# Specialized secteur and allez



## bpt (31 Jul 2009)

Whats the difference and which one is better? Sorry for all the questions.


----------



## ianrauk (31 Jul 2009)

The Secteur (of wich I have just bought an Elite version) has more relaxed geometry then the Allez, which is more an out and out road boad.


----------



## Mac66 (31 Jul 2009)

The Allez is Specialized's introductory level aluminium road race bike, with a race geometry. This means that you are bent over reasonably low on the bike and the bike is very responsive.

The Secteur is an aluminium version of Specialized's carbon fibre Roubaix range, which is designed for comfort over longer distances, but still gets you there quickly. It has a more relaxed geometry, as per Ianrauk's comment and a fractionally longer wheel base. This means you sit slightly more upright and there is a more relaxed feel to the handling than you get with an out and out race bike.
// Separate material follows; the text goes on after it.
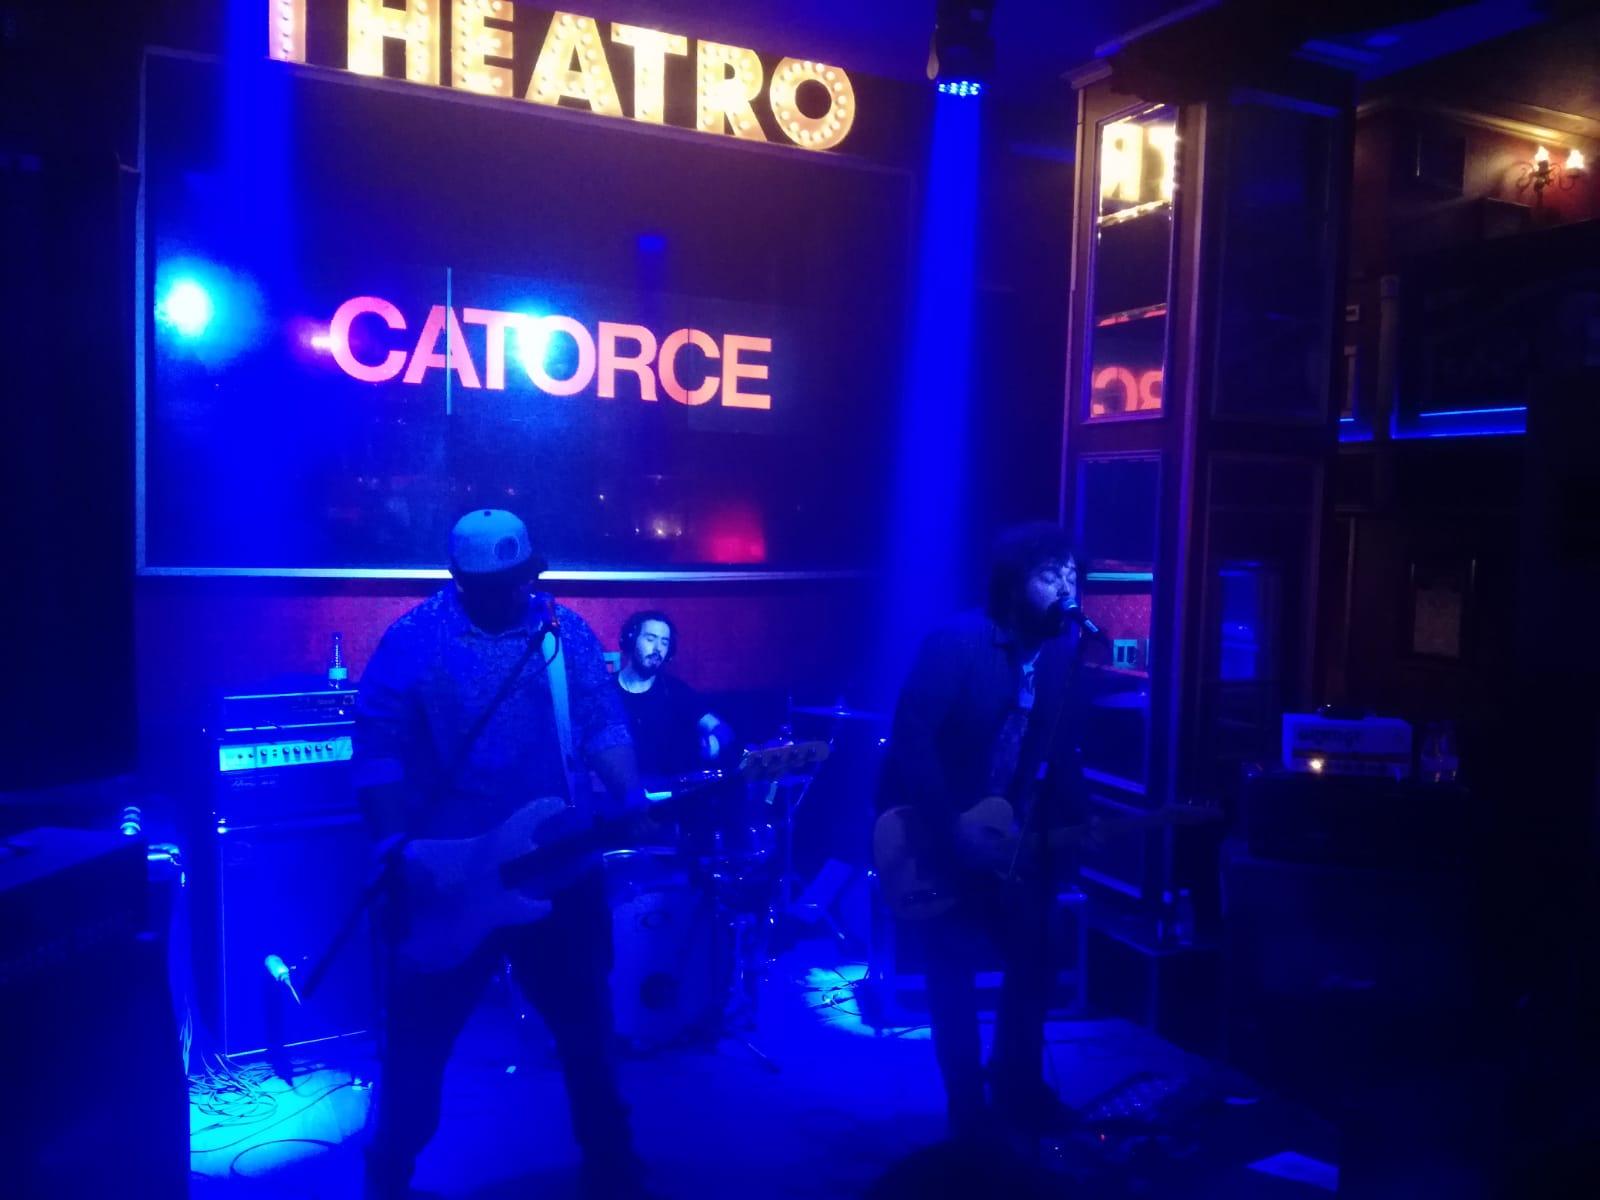 CRONICA CATORCE + VIVEN, Málaga 8 de febrero en THEATRO CLUB

Which one is better? I would suggest getting down to your local bike shop (LBS) and taking both for a test ride, rather than ordering over internet without testing. Bikes are a personal thing and you will know which you prefer. That will be the right one for you.

Hope that helps


----------



## bpt (1 Aug 2009)

Mac66 said:


> The Allez is Specialized's introductory level aluminium road race bike, with a race geometry. This means that you are bent over reasonably low on the bike and the bike is very responsive.
> 
> The Secteur is an aluminium version of Specialized's carbon fibre Roubaix range, which is designed for comfort over longer distances, but still gets you there quickly. It has a more relaxed geometry, as per Ianrauk's comment and a fractionally longer wheel base. This means you sit slightly more upright and there is a more relaxed feel to the handling than you get with an out and out race bike.
> 
> ...



It does thanks.


----------